D: Quali sono i tuoi punti di riferimento?
R: I miei punti di riferimento sono i miei genitori, ai quali racconto solo le cose importanti che mi accadono ma so di poter contare sempre su di loro, i miei amici maschi che non mi hanno mai lasciata sola, la mia prima e unica migliore amica Cristina e la mia prof di italiano delle medie con la quale ho un rapporto davvero speciale.

D: La scuola è ancora capace di adempiere al suo compito di educare e formare, e di capire le esigenze e problematiche di voi ragazzi?
R: La scuola la fanno i docenti..ed è in base alle loro idee, ai loro metodi, ai loro modi di coinvolgere la classe che cambia la formazione dei ragazzi. Finora il mio percorso scolastico è stato ottimo perché ho avuto la fortuna di avere sin dalle elementari delle brave maestre/professoresse. Al liceo le esigenze degli adolescenti vengono capite a seconda del docente che si ha davanti.

D: Perché ami scrivere?
R: Amo scrivere perché mi permette di sfogarmi, di sentirmi libera, di esprimermi senza alcun timore e soprattutto di non essere giudicata da nessuno. Amo scrivere perché gli adulti non sanno più ascoltare noi adolescenti e sottovalutano ciò che ci accade o che abbiamo da raccontare

D: E’ diffuso negli ambienti scolastici il bullismo?
R: Io non ho mai assistito a casi di bullismo fortunatamente; a scuola i “bulli” ormai non esistono nemmeno. Quello che davvero ci fa stare male è l’invidia o la gente che parla male di noi alle spalle.

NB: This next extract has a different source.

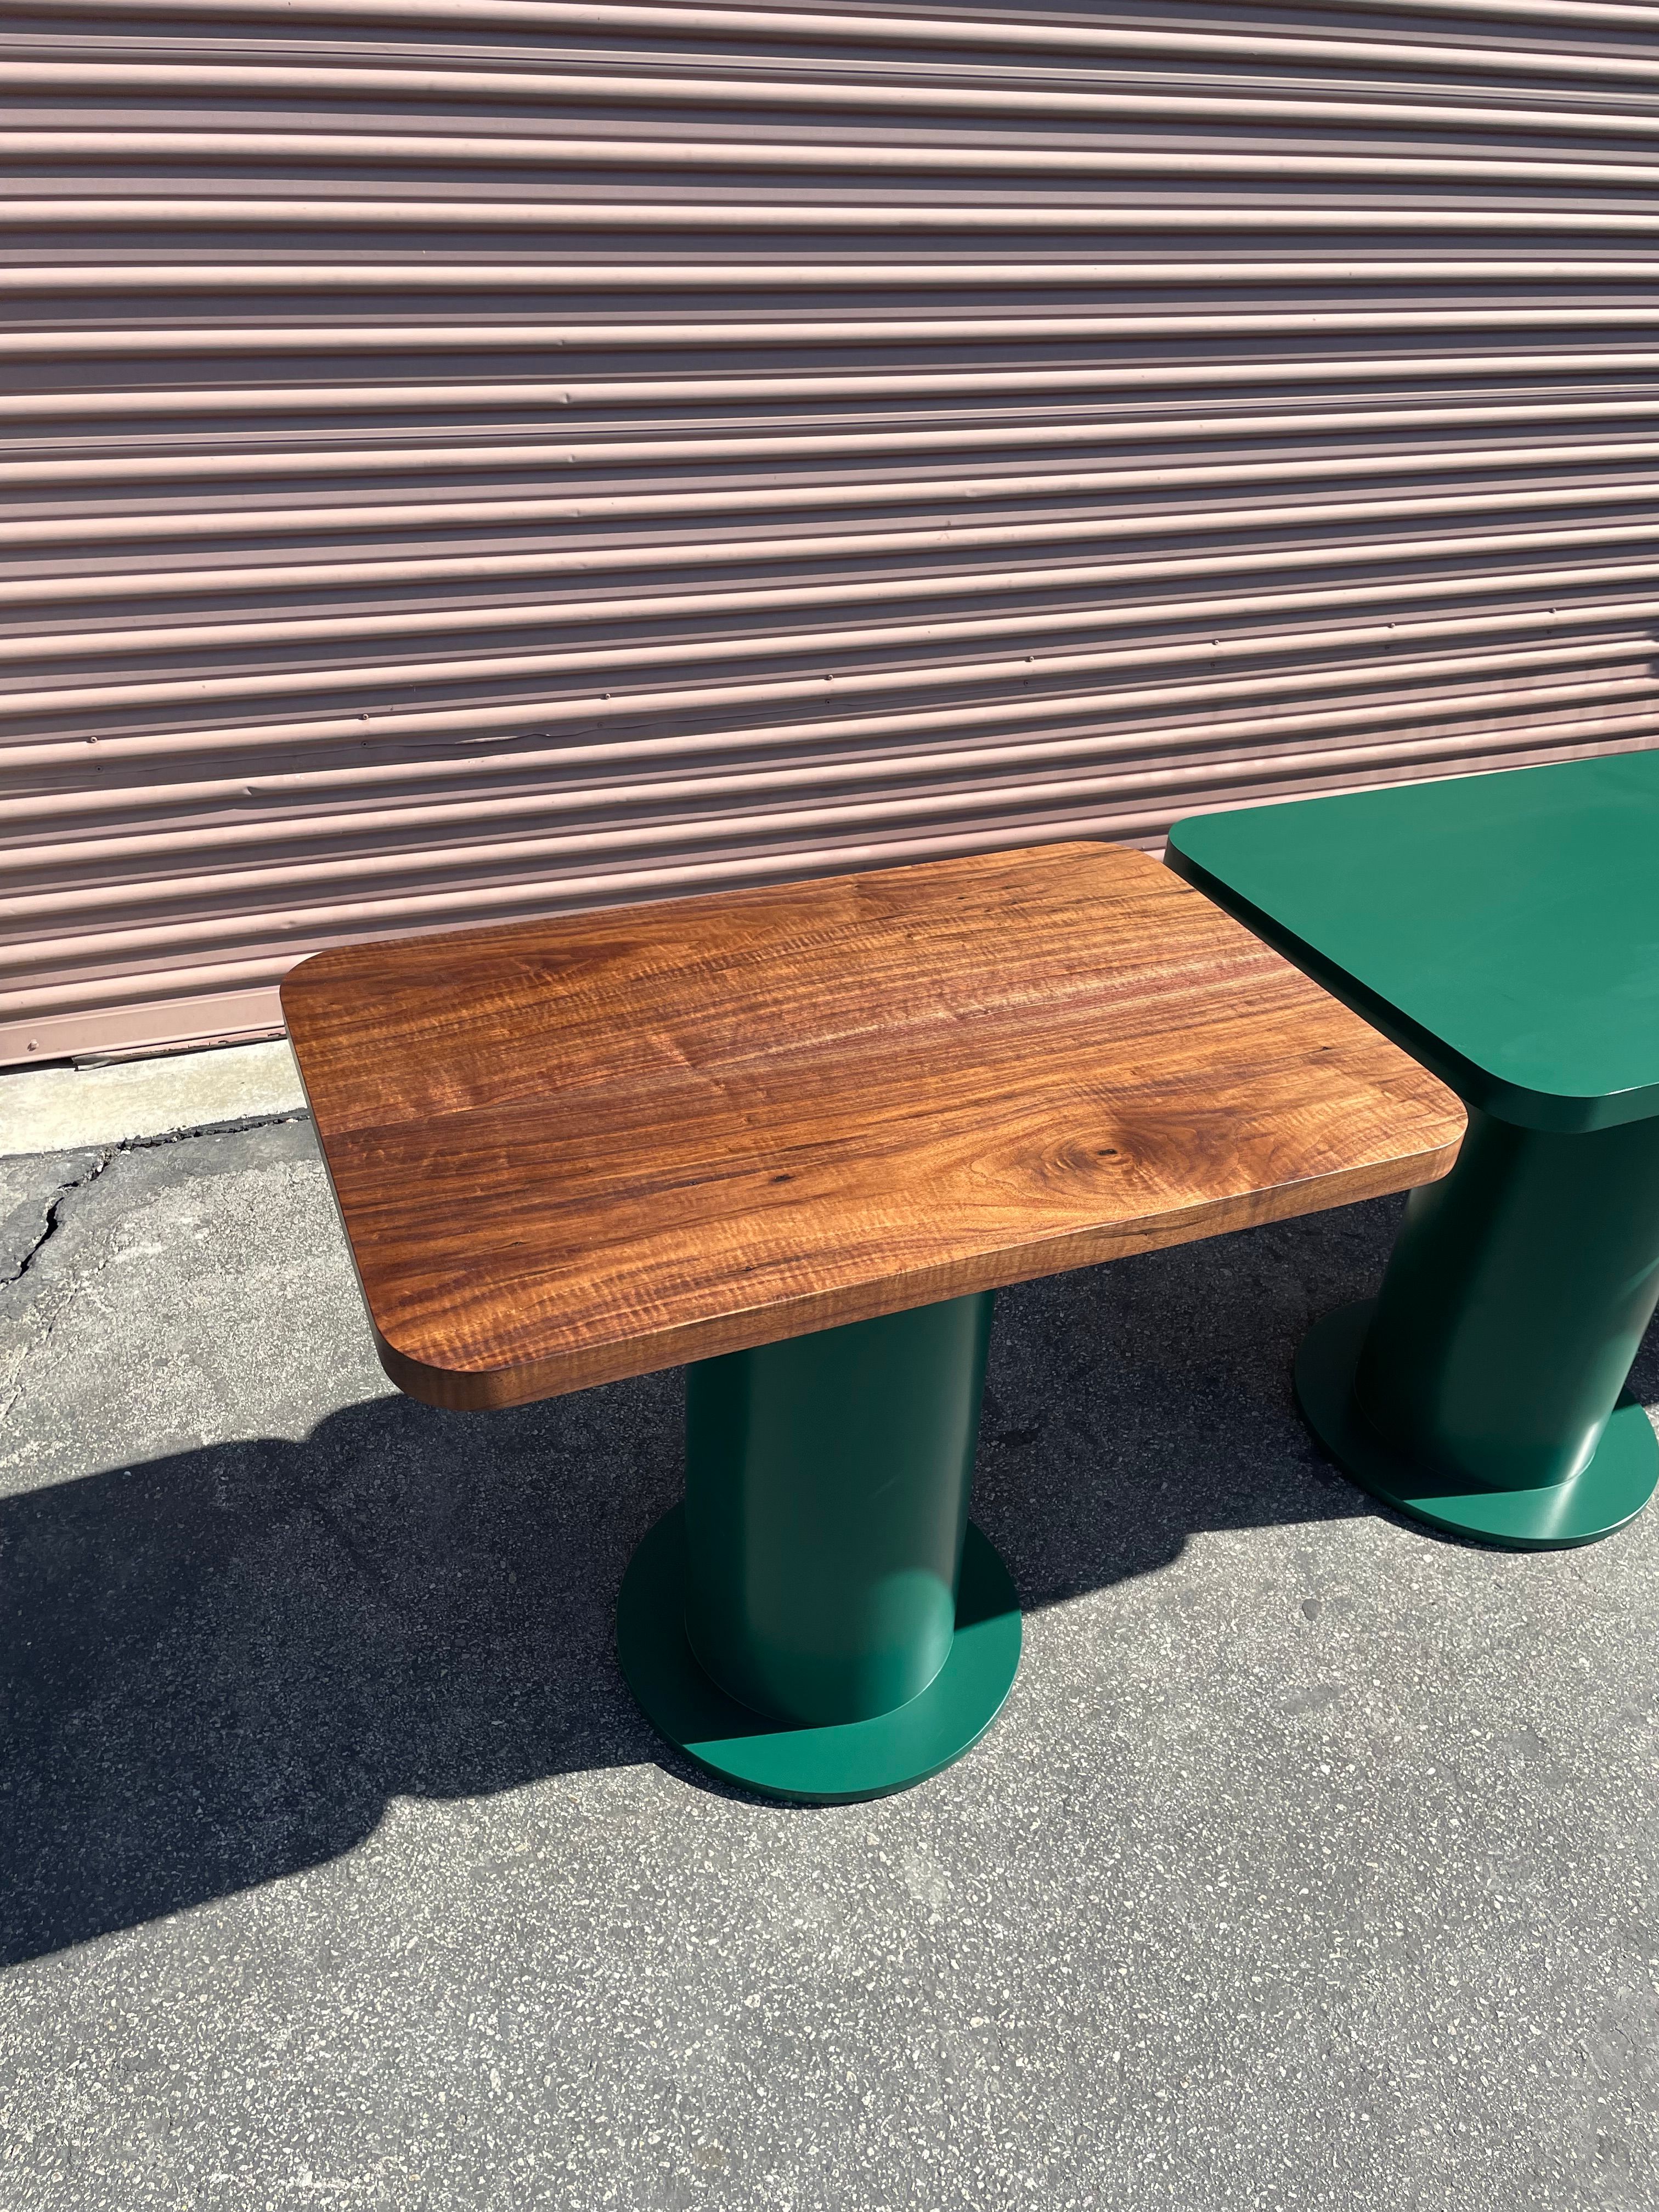  Pedestal Tables - Folklor LA product image 2
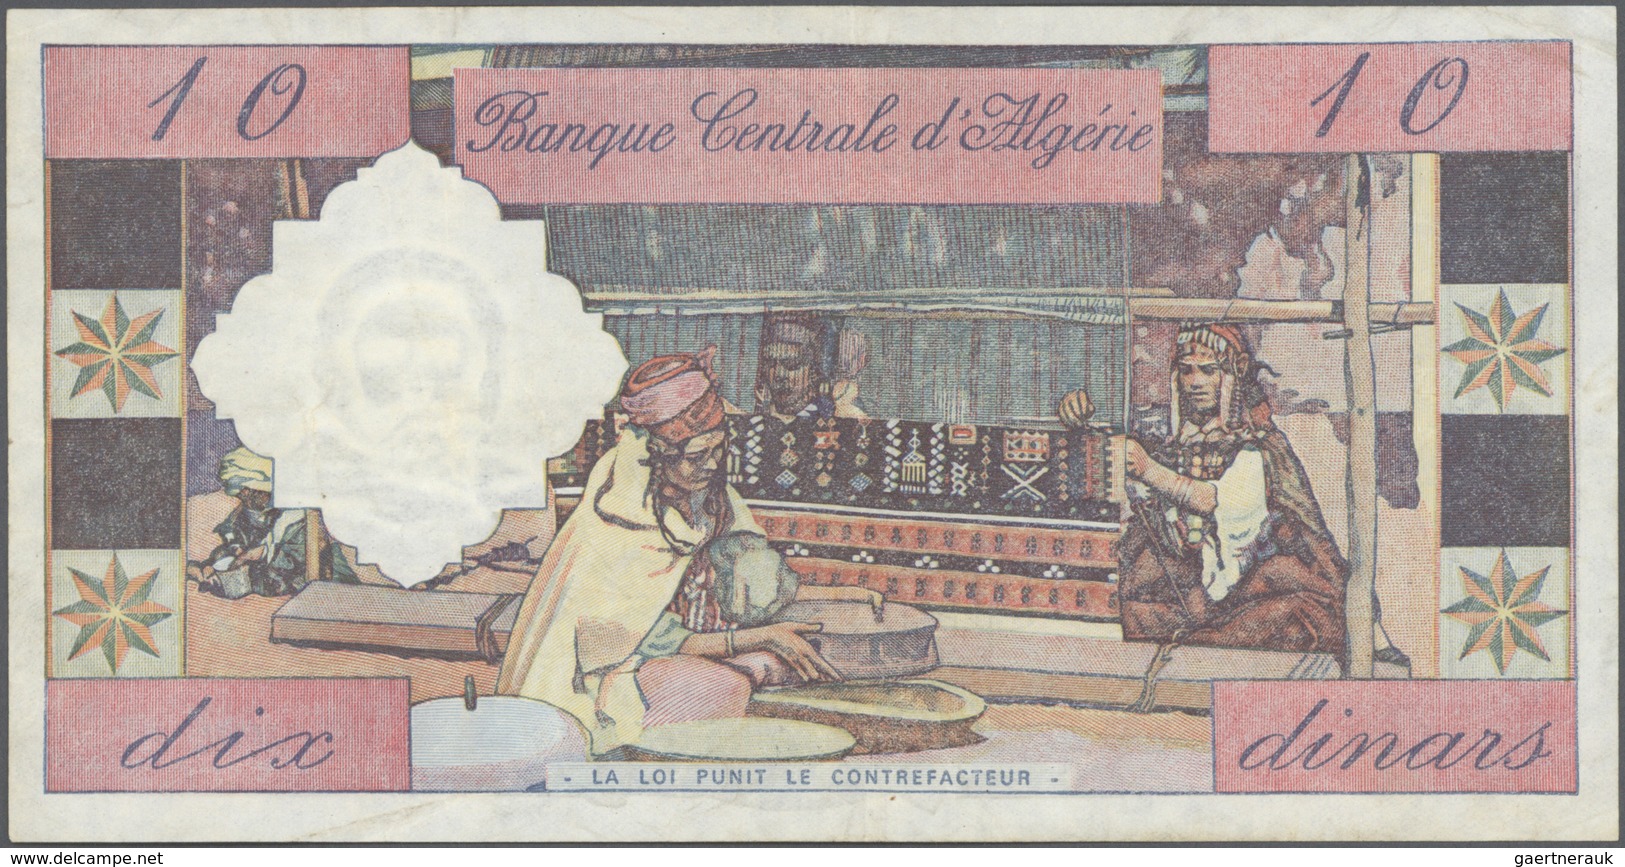 Algeria / Algerien: Set Of 2 Notes Banque Centrale D'Algerie Containing 10 & 100 Dinars 1964 P. 123, - Algérie

D: Cosa vuoi comunicare attraverso la scrittura?
R: Attraverso la scrittura vorrei farmi conoscere, perché non sempre riesco ad essere spigliata nel parlare. Quando scrivo sono me stessa al 100%, e riesco a ragionare meglio. Vorrei lasciare qualcosa di mio ad ogni singola persona che legge, e dimostrare che bisogna lasciarsi andare dentro sprigionando qualsiasi emozione, bella o brutta che sia.


Ringraziamo Marta Spadaro per la sua collaborazione e per il tempo che ci ha donato, augurandole di continuare a sorprenderci e a sorprendersi.